Мы уже говорили, что преданный взгляд, зависимость ребенка от матери — изначальный факт. Он рождается с родами, с кормлением грудью, может быть, даже с жизнью внутри ее тела. В любом случае, он не нуждается в посредничестве какого-либо третьего лица. Мать почти всегда необходима как посредник, чтобы перенести взгляд любви ребенка и преданность на отца. Это факт, который мы часто забываем, потому что наблюдаем семью после этого перехода — фундаментального и изначального — от диады к триаде.

Сегодня по причине критики патриархата, если не по причине непосредственной мести за отсутствие отца, мать впервые использует эту власть первичной соперницы для себя, а не для представления ребенка отцу. И тогда отец, тоскующий по этому взгляду, отправляется к истокам, искать его. К объятью изначальному, физическому и материнскому. К объятию двоих.

Часто подчеркивалось, что в сравнении с женским ростом, рост мальчика содержит в себе рывок. Девочка, у которой сформировались хорошие первичные отношения с матерью, может подражать ей как образцу, продолжая без скачков свой физический рост. Не так происходит с мальчиком. После рождения и вообще в течение первичной фазы он вступает в основном в отношения с матерью; но, раньше или позже, должен переместить свой взгляд на отца или другого мужского персонажа.

Эту тему поднимали в основном последователи Кляйн (школа предметных отношений), внимание которых было обращено на исследование очень ранних этапов роста. Против этого выступали авторы-феминистки, потому что, сконцентрировавшись на психологическом недостатке мужчин, эти исследования могли затмить те исторические преимущества, которыми они уже пользовались в обществе.

Рассмотрим кратко их неудачу не с точки зрения первичной фазы, а с точки зрения последующих фаз роста.

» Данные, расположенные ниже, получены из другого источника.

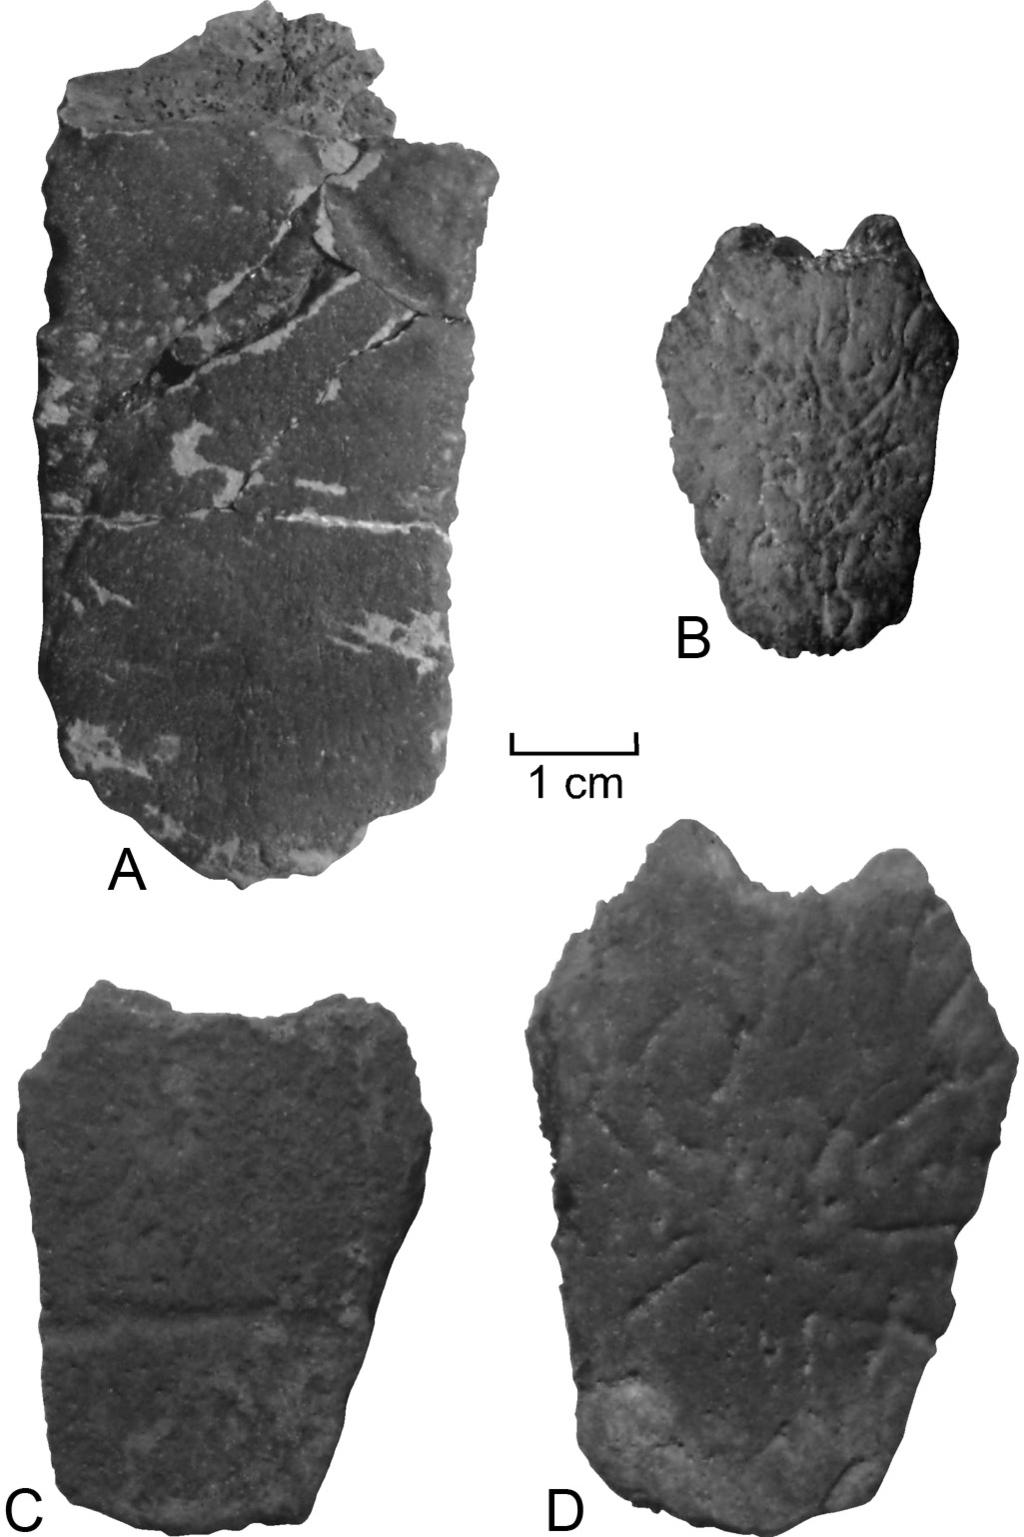 26 PALEOBIOS, VOL. 31, NUMBER 1, MAY 2014 Description Narrow hexagonal-shaped neural with a low longitudinal keel and sculpturing typical of Ashleychelys.

В первых главах мы заметили, что, особенно с появлением млекопитающих, эволюция делала все более сложными отношения между матерью и новорожденным, позволяя матерям создавать культуру в зародыше и загоняя в угол мужчин. Изобретение моногамной семьи и продолжительность отцовского внимания были некоторым образом ответом на это исключение, и ответ этот одержал победу вплоть до того, что цивилизация и патриархат стали синонимами.

Но реванш отца был далек от полного. Даже цивилизация, которую он создал и в которой доминировал, принесла ему неожиданную проблему.

В естественных условиях, у млекопитающих, мать выполняет функцию заботы о ребенке после родов, пока он не стал автономным. Детеныш животного, даже мужского пола, не терпит неудобств оттого, что имеет перед глазами только женский пример, потому что, даже в самых развитых видах, где недостаточно инстинкта и он получает также зачатки воспитания, этот период заканчивается намного раньше полового созревания.

Только у человека физиология и культура очень сильно продлили период заботы о ребенке, отсутствия автономии и воспитания, который может продолжаться вплоть до тридцати лет (которые, в естественных условиях, почти представляют среднюю продолжительность жизни). С этой точки зрения инициация могла быть изначально изобретена, потом проводилась взрослыми мужчинами по отношению к молодым мужчинам, потому что мужчины ощутили ее необходимость.

Намного позже, когда начала возникать система школ, для продления первичной биологической функции и потому, что начальные фазы образования трудны и неблагодарны, стало естественно доверять их в большинстве женщинам: в этом смысле возник культурный аппарат, продолжающий брать пример с природы. Затем, как это происходит с большей частью профессий, когда общие условия жизни становились лучше, более высокие уровни обучения все больше переходили в руки женщин. Мужчины оставляли их, чтобы оставаться в большинстве только на вершине, например, в университетах, где концентрируется власть и деньги. Определенно, как из-за лени взрослых мужчин, так и из-за структурных характеристик Западных цивилизаций, которые обращены скорее к эффективности, чем к психологии, молодые мужчины встречают мало мужчин на своем пути к взрослой жизни.

Может быть, именно это делает переход молодых мужчин к взрослой жизни особенно сложным; и, может быть, во всех странах они чаще становятся преступниками и используют наркотики, чем молодые женщины, их ровесницы.